Data excerpts ->
—————

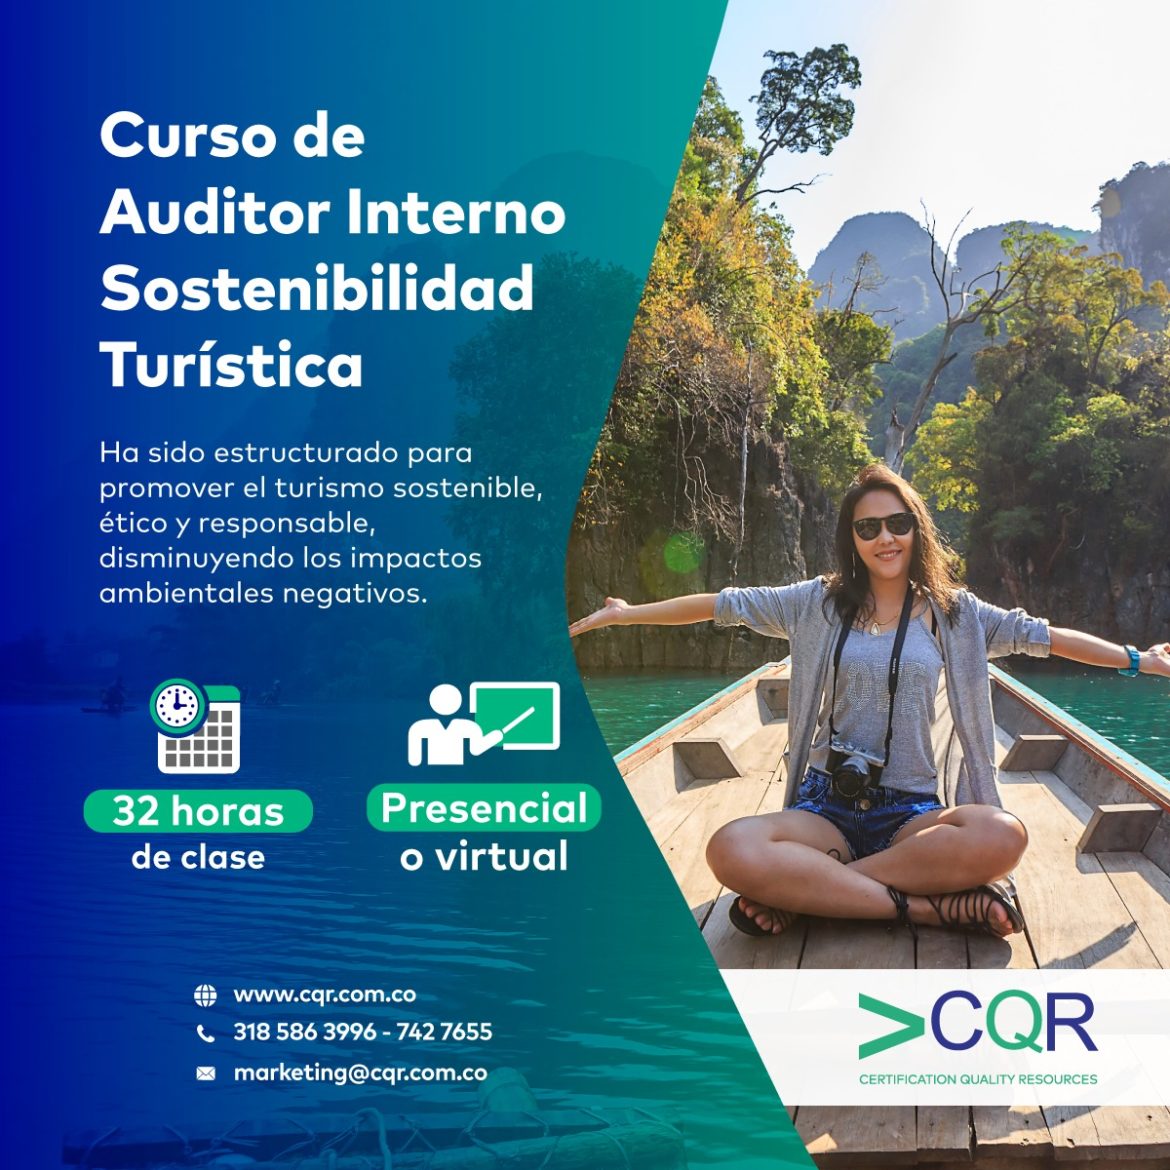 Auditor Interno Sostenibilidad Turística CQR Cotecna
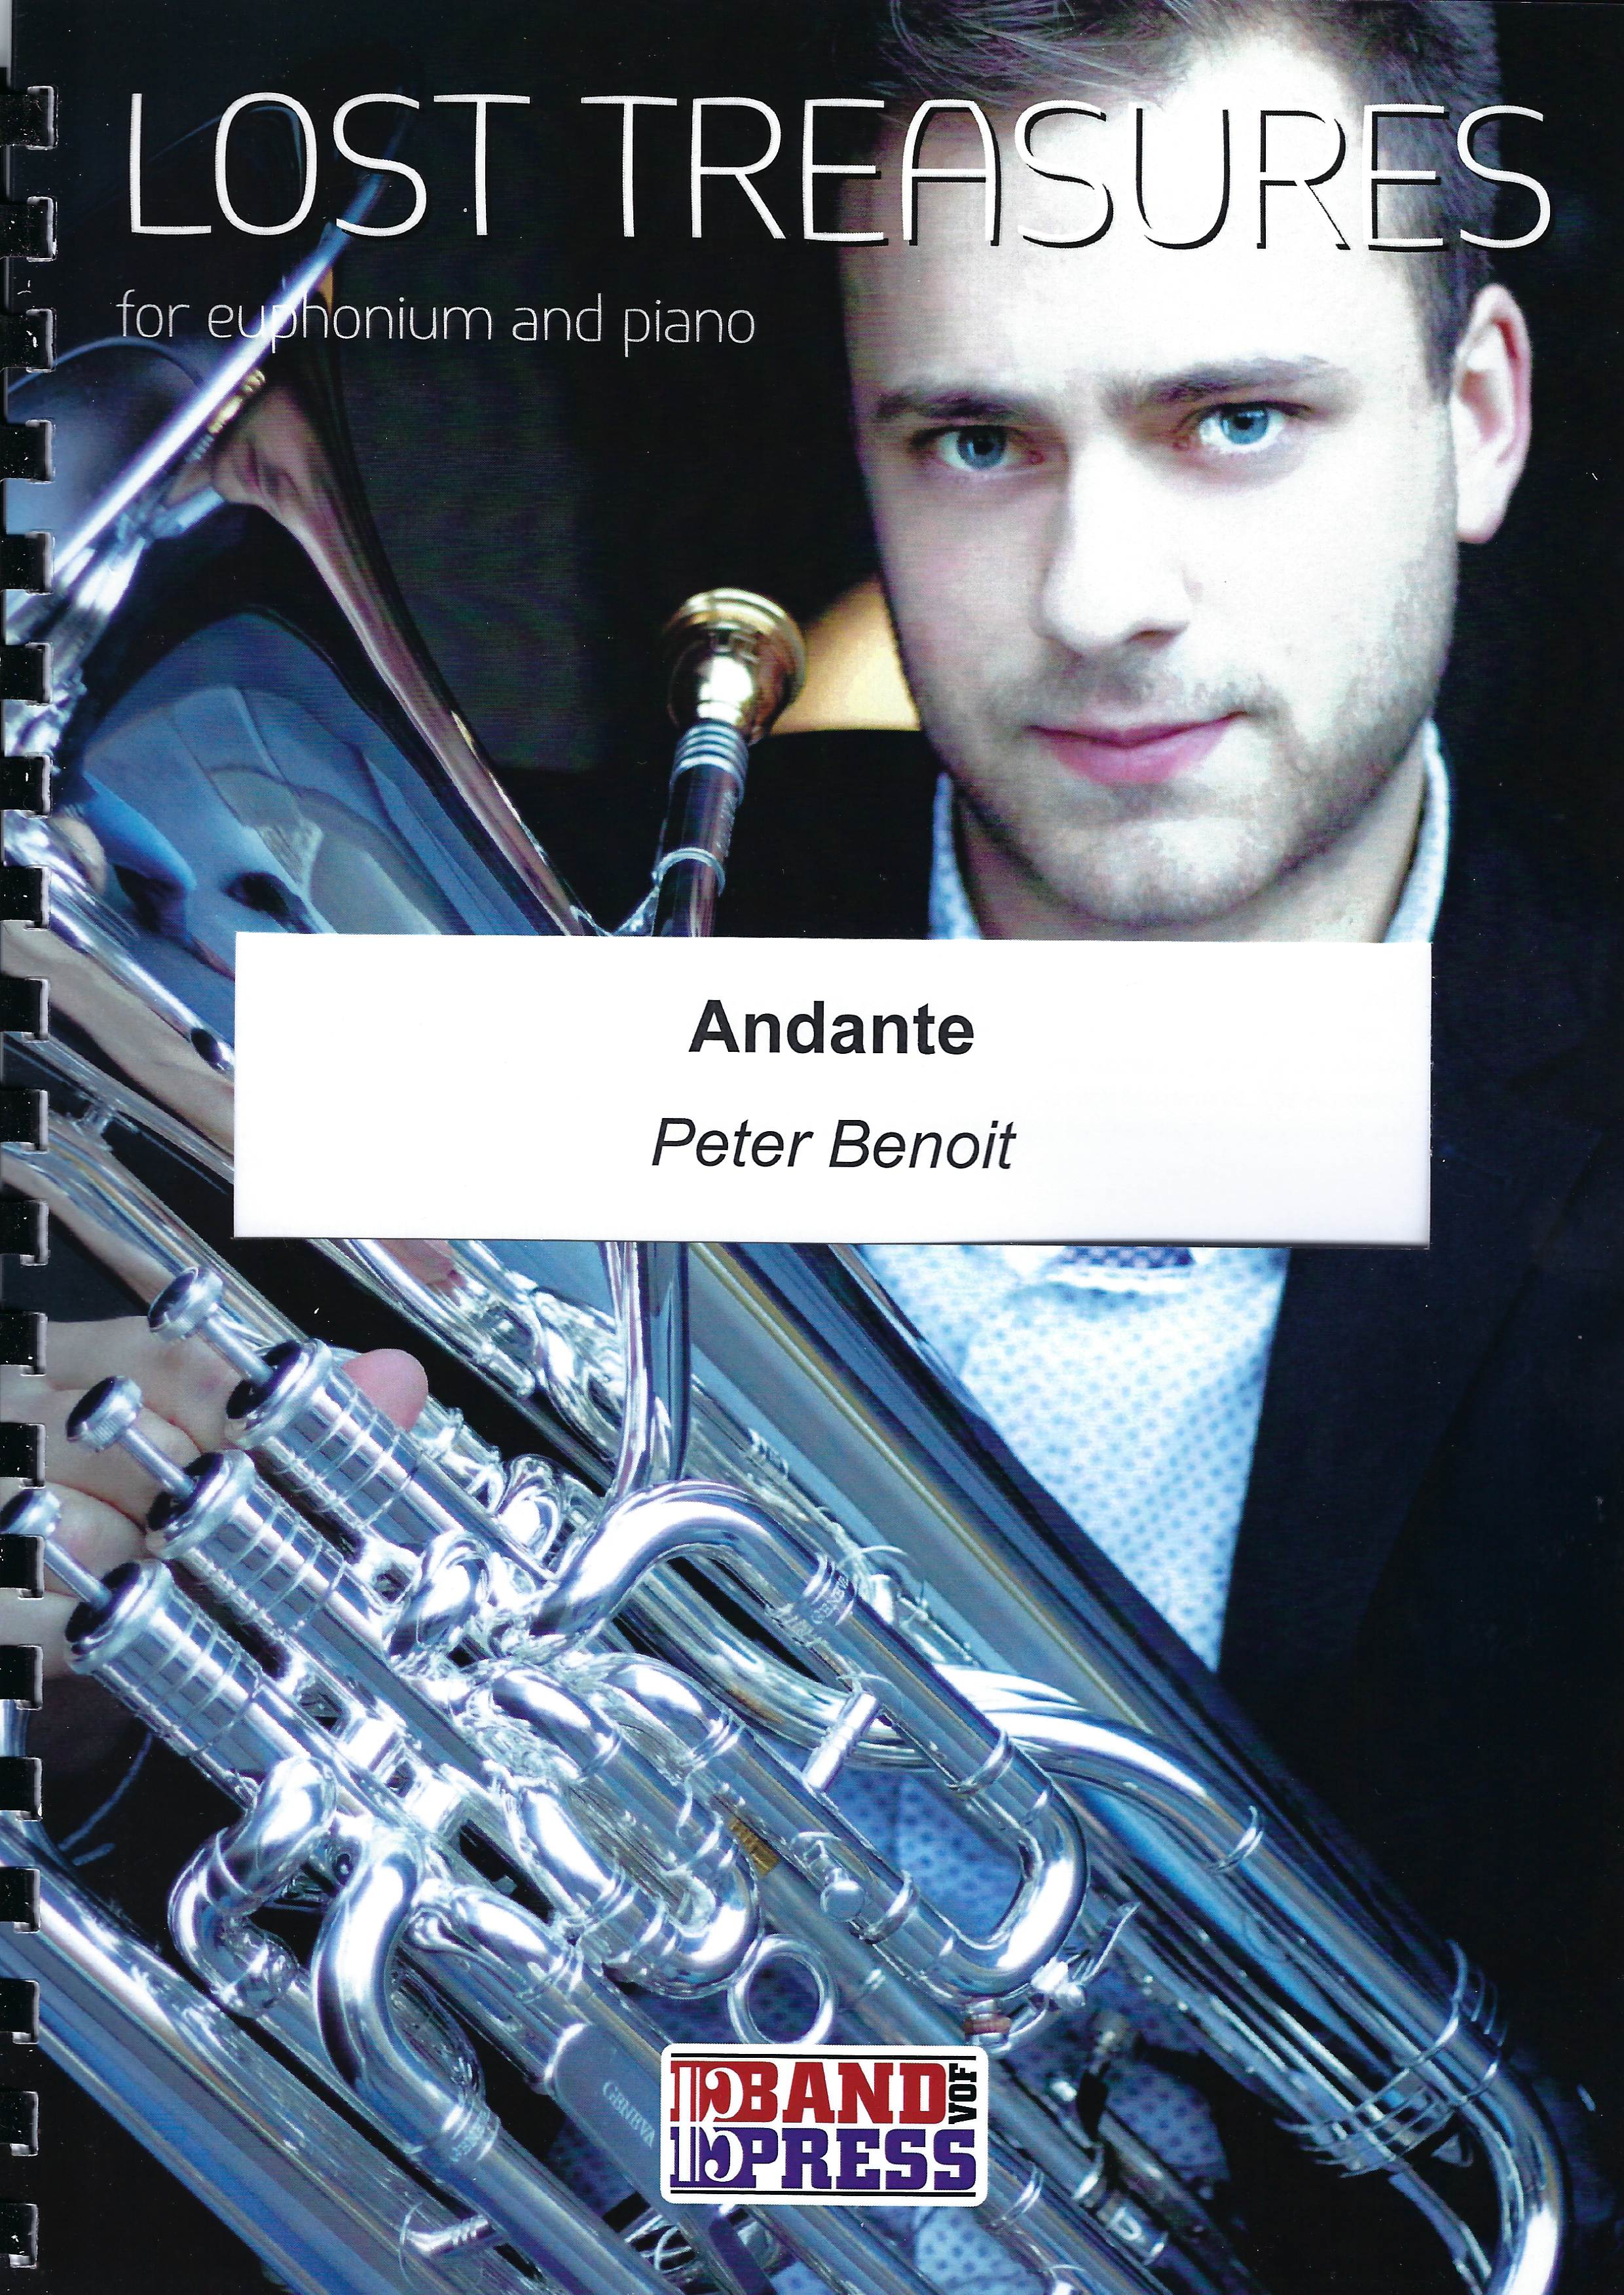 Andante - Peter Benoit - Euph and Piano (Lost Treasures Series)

—————

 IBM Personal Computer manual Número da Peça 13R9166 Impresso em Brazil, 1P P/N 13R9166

—————

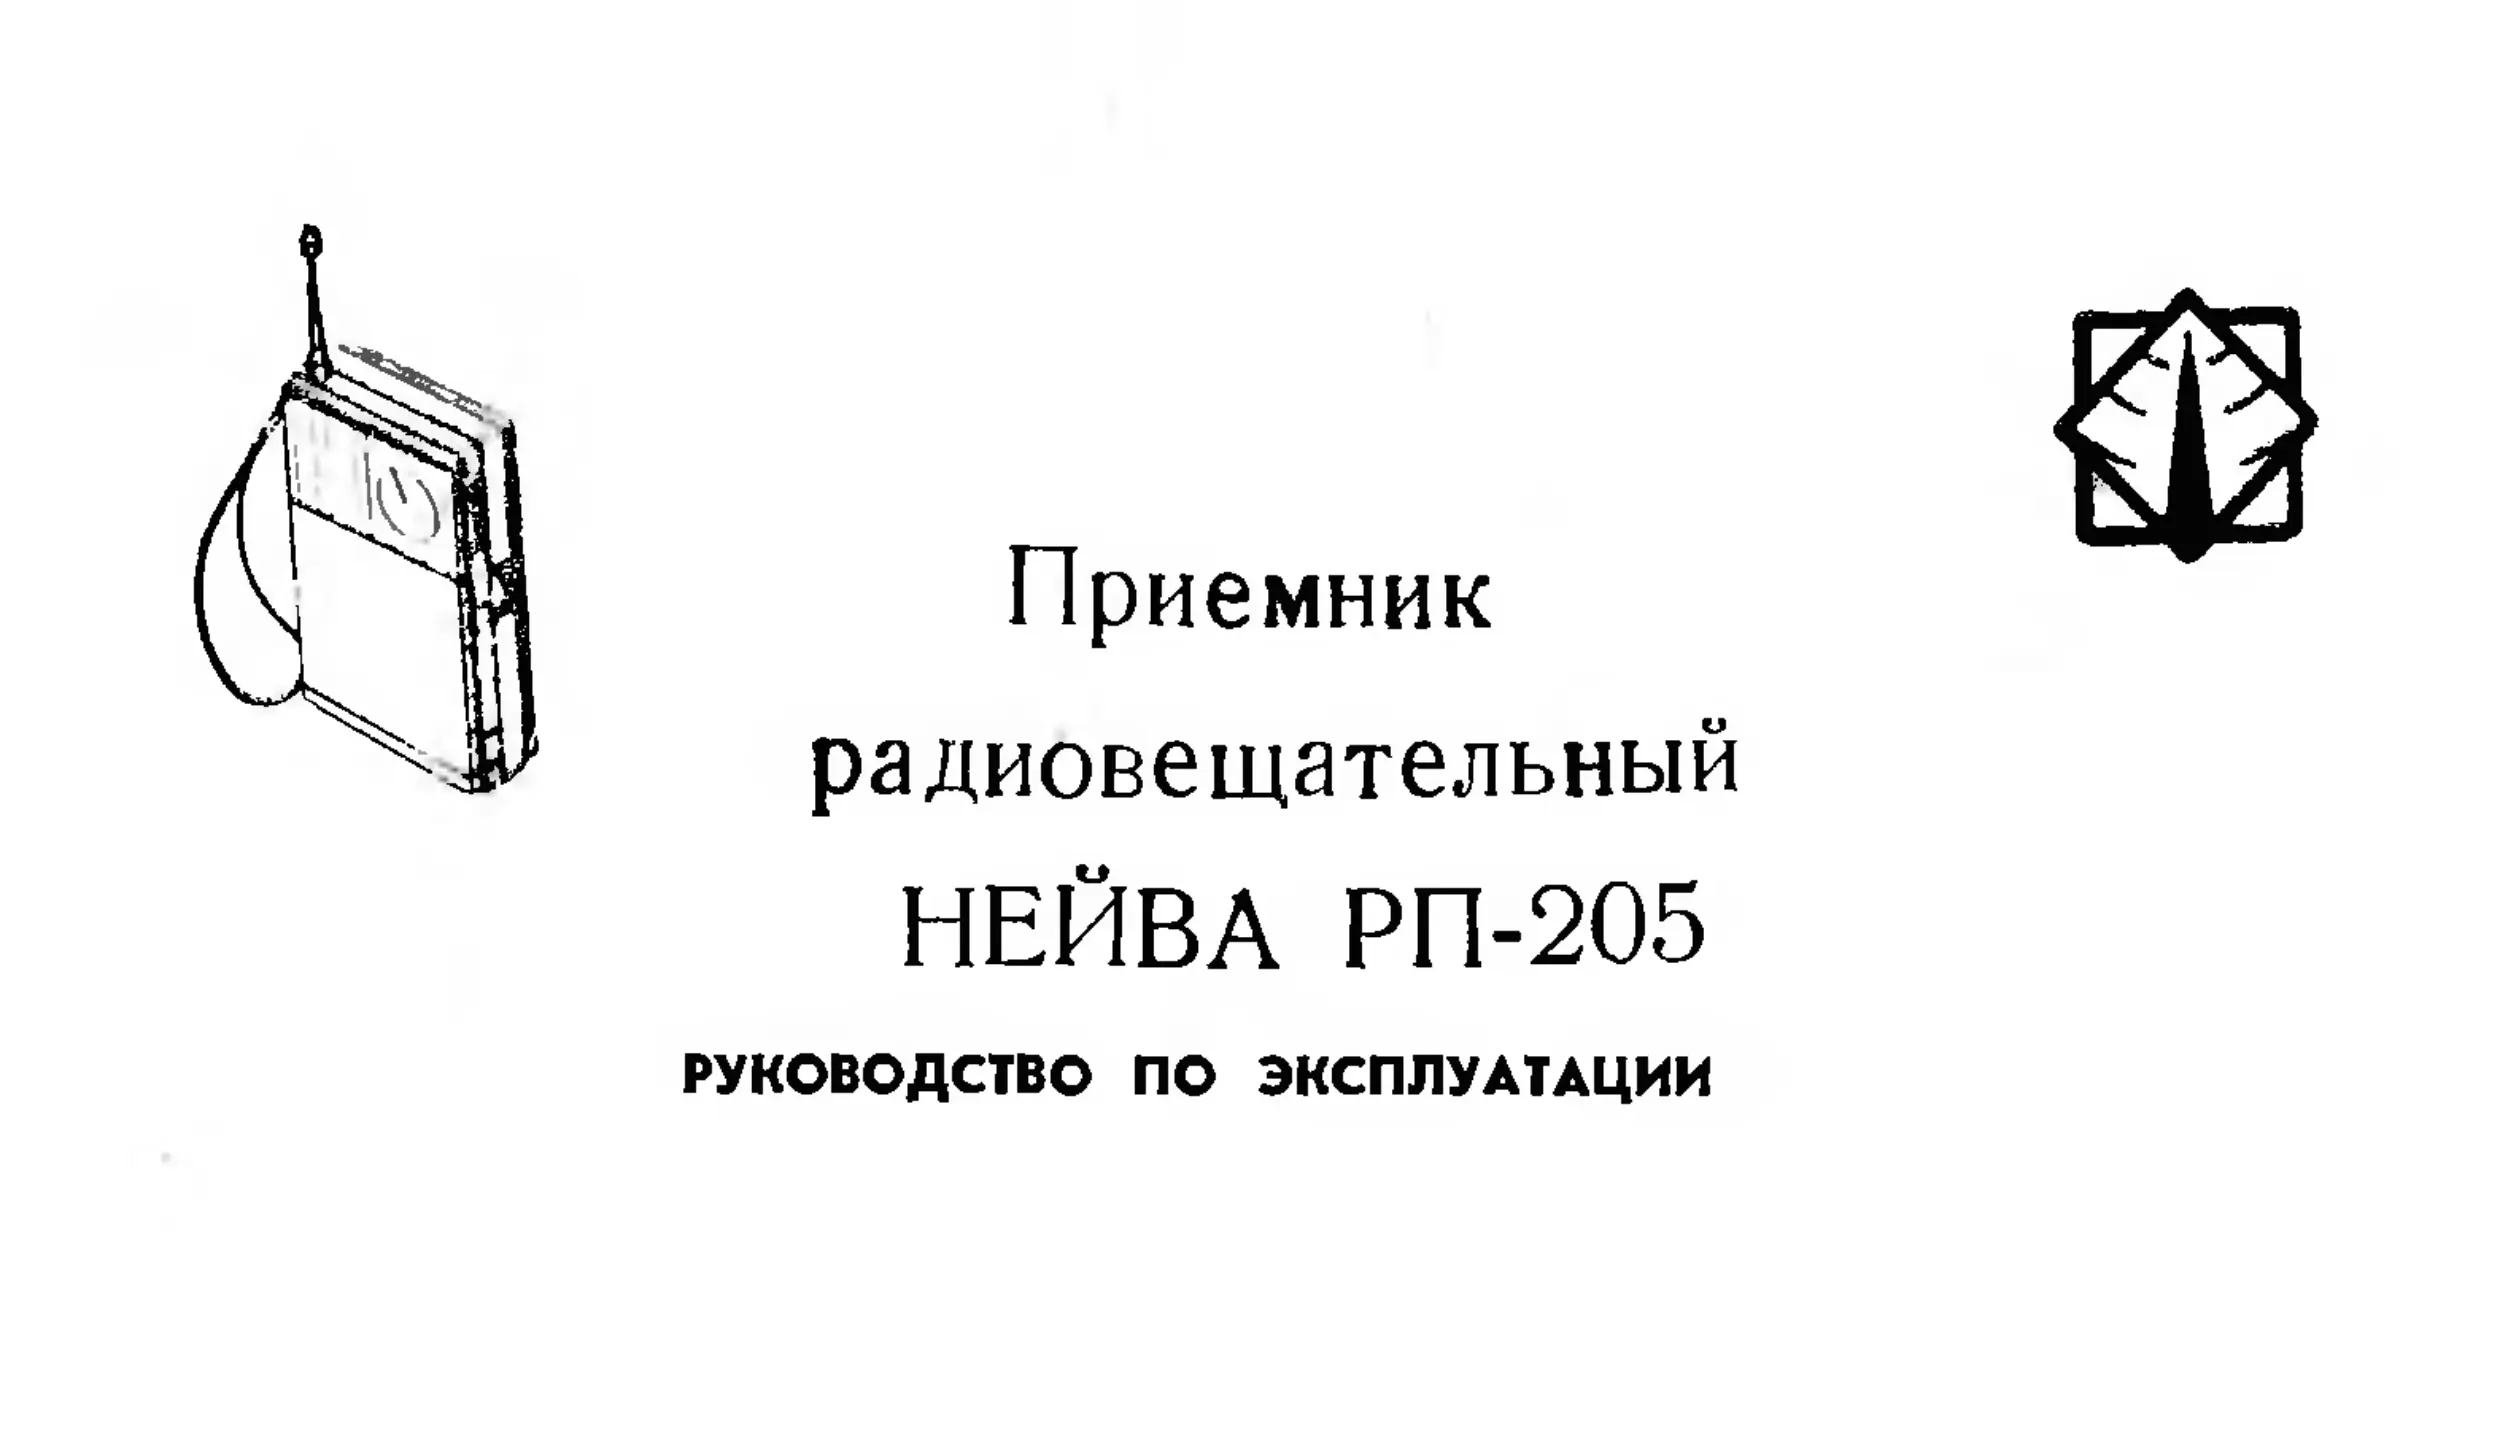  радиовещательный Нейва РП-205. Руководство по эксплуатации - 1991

—————

Problem description -> Starting at the line that contains "Auditor Interno Sostenibilidad" and ending at the line that contains "Andante - Peter", transcribe the material above exactly, excluding pictures.

Problem solution ->
 Auditor Interno Sostenibilidad Turística CQR Cotecna
 Andante - Peter Benoit - Euph and Piano (Lost Treasures Series)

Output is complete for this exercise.